PyCDT: A Python toolkit for modeling point defects in semiconductors and insulators

TL;DR

PyCDT is a Python toolkit designed to streamline the setup and analysis of point defect calculations in semiconductors and insulators using DFT, facilitating high-throughput and reproducible research.

Contribution

The paper introduces PyCDT, a user-friendly Python toolkit that automates defect calculation workflows and integrates with the Materials Project database for efficient defect property analysis.

Findings

PyCDT simplifies defect calculation setup and post-processing.

It enables high-throughput, reproducible defect studies.

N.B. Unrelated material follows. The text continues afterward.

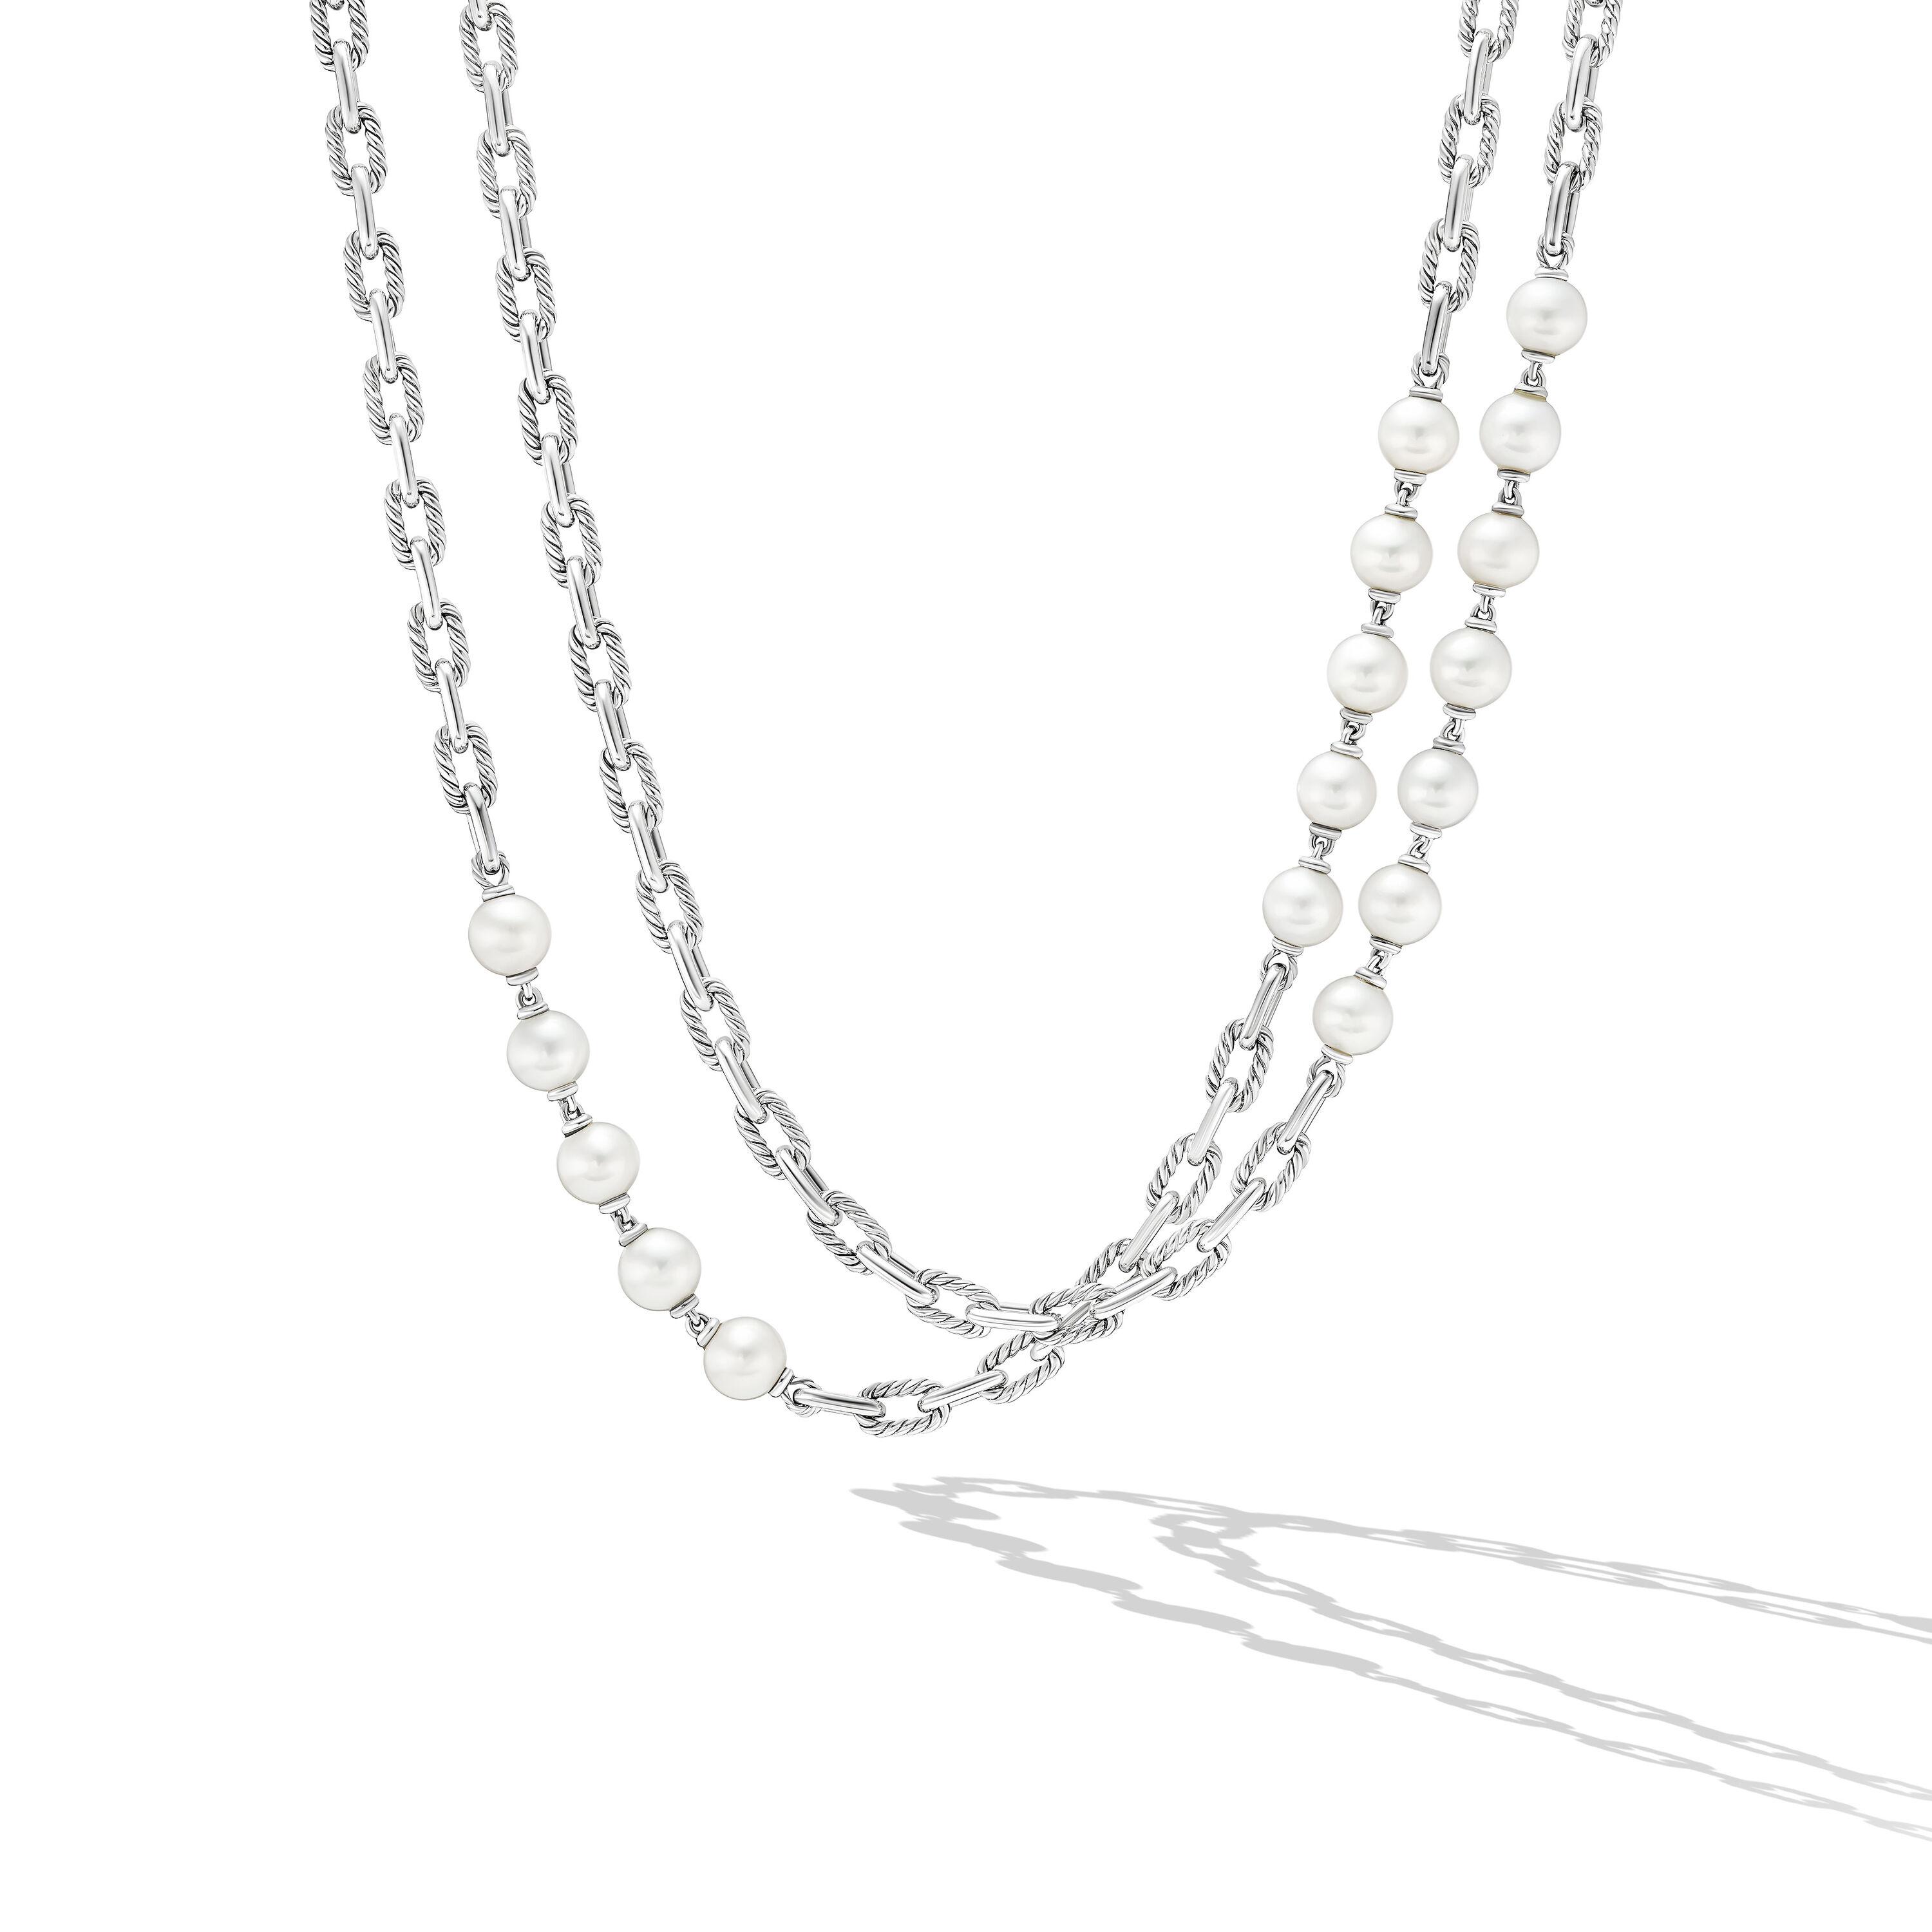 David Yurman Men's Madison Chain Necklace with Pearls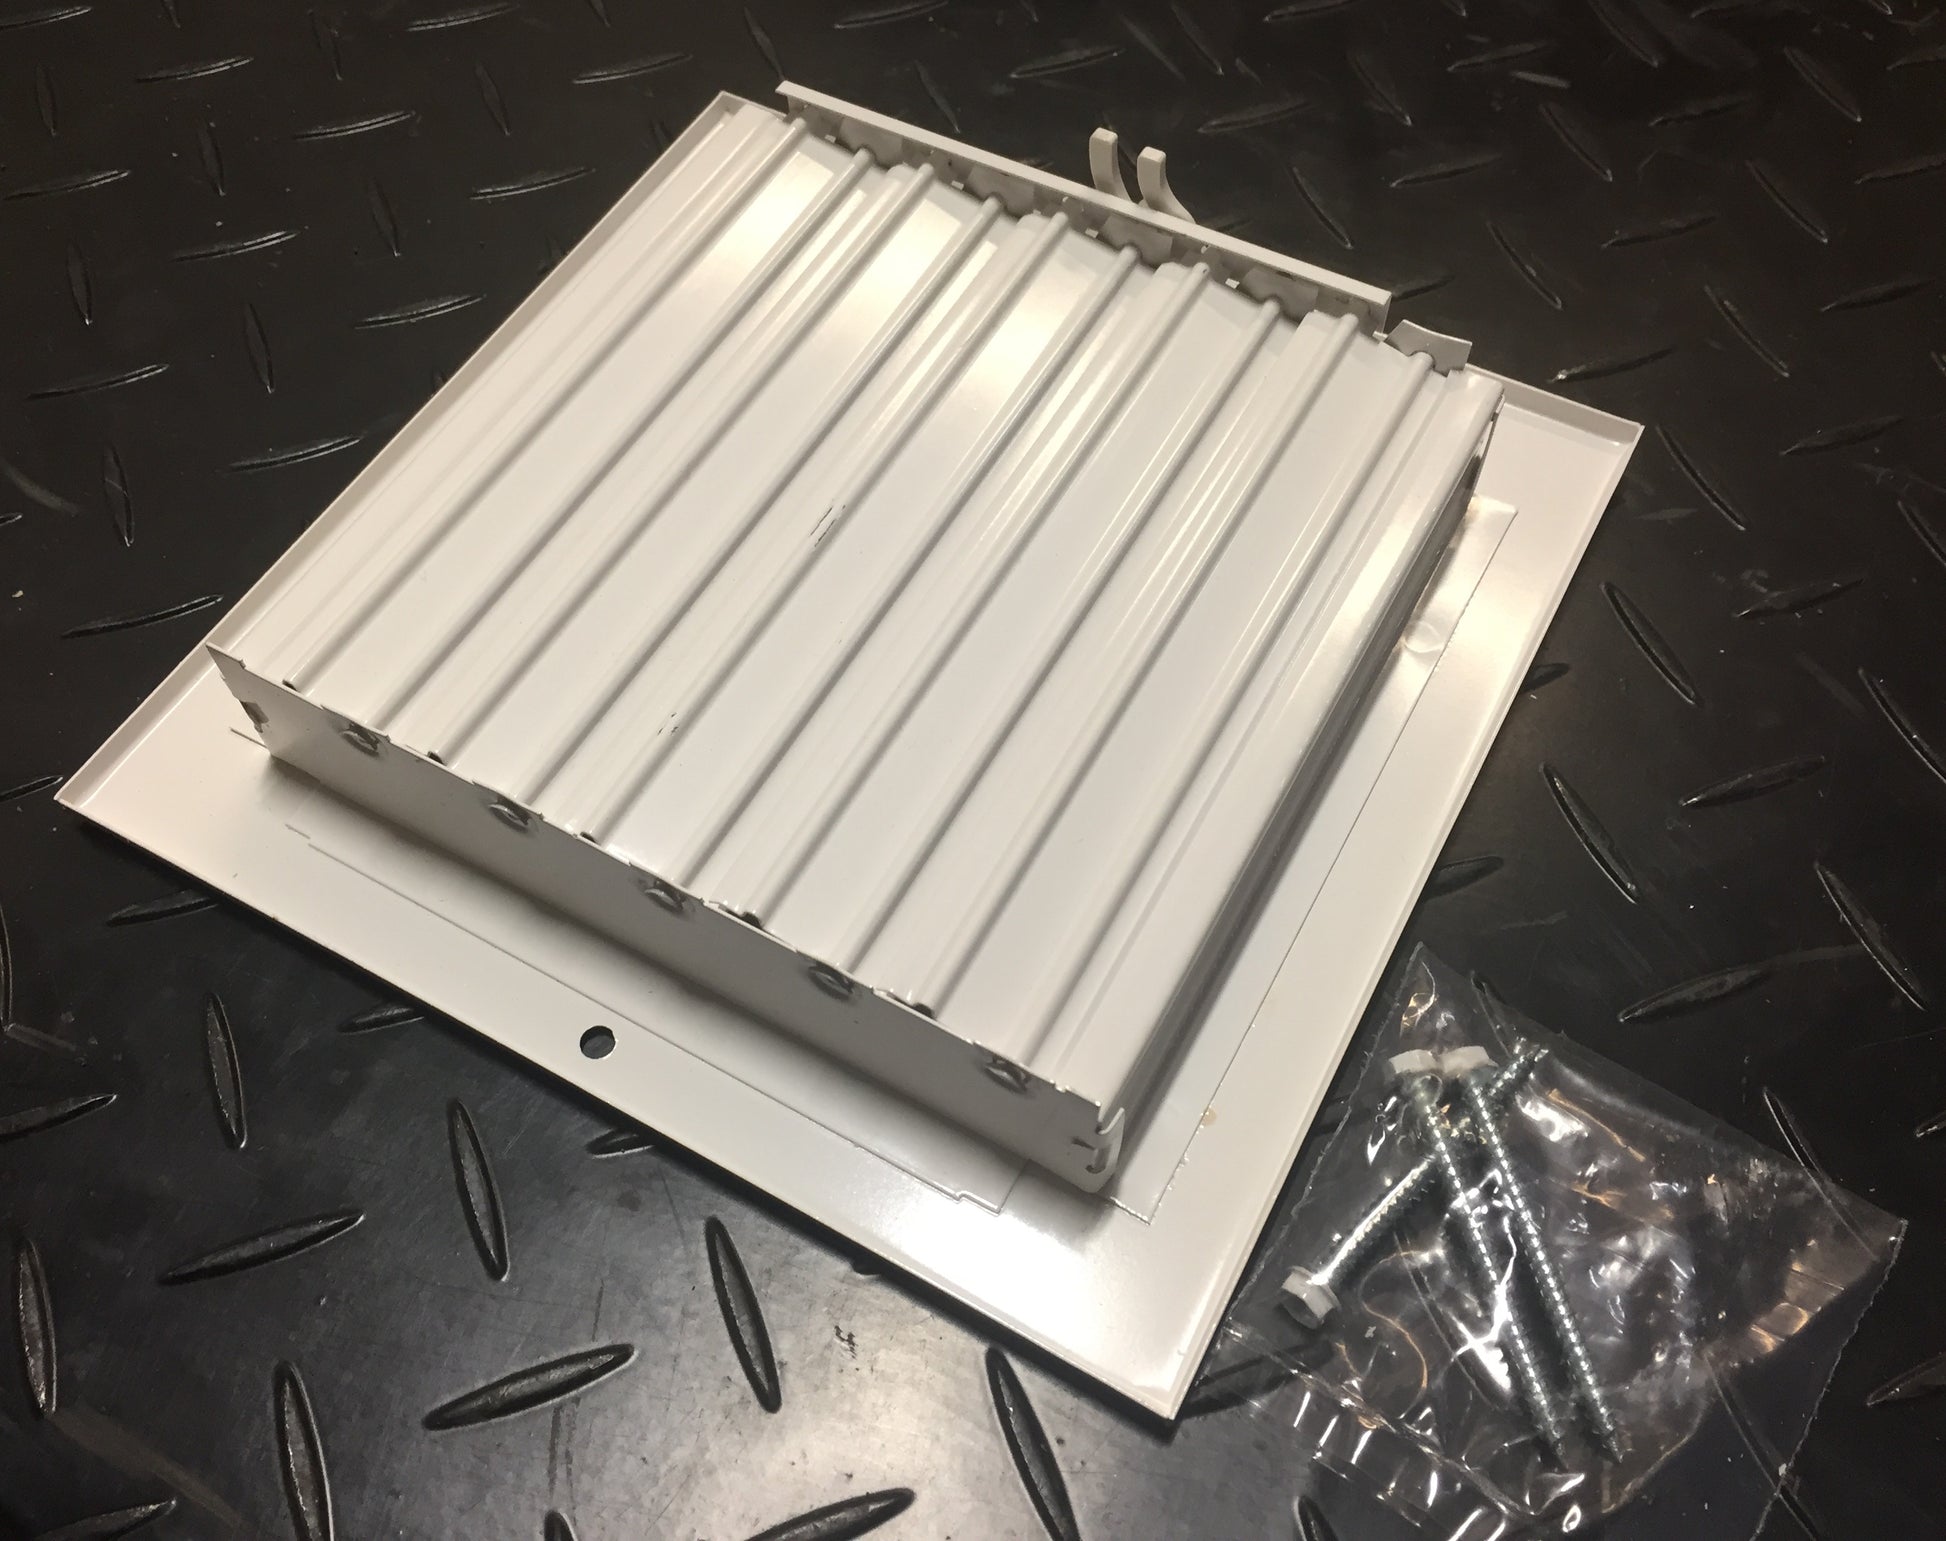 6" X 6" SINGLE DEFLECTION SUPPLY REGISTER WITH MULTI-LOUVER DAMPER

Demonstrated with GaAs semiconductor application.

Abstract

Point defects have a strong impact on the performance of semiconductor and insulator materials used in technological applications, spanning microelectronics to energy conversion and storage. The nature of the dominant defect types, how they vary with processing conditions, and their impact on materials properties are central aspects that determine the performance of a material in a certain application. This information is, however, difficult to access directly from experimental measurements. Consequently, computational methods, based on electronic density functional theory (DFT), have found widespread use in the calculation of point-defect properties. Here we have developed the Python Charged Defect Toolkit (PyCDT) to expedite the setup and post-processing of defect calculations with widely used DFT software. PyCDT has a user-friendly command-line interface and provides a direct interface with the Materials Project database. This allows for setting up many charged defect calculations for any material of interest, as well as post-processing and applying state-of-the-art electrostatic correction terms. Our paper serves as a documentation for PyCDT, and demonstrates its use in an application to the well-studied GaAs compound semiconductor. We anticipate that the PyCDT code will be useful as a framework for undertaking readily reproducible calculations of charged point-defect properties, and that it will provide a foundation for automated, high-throughput calculations.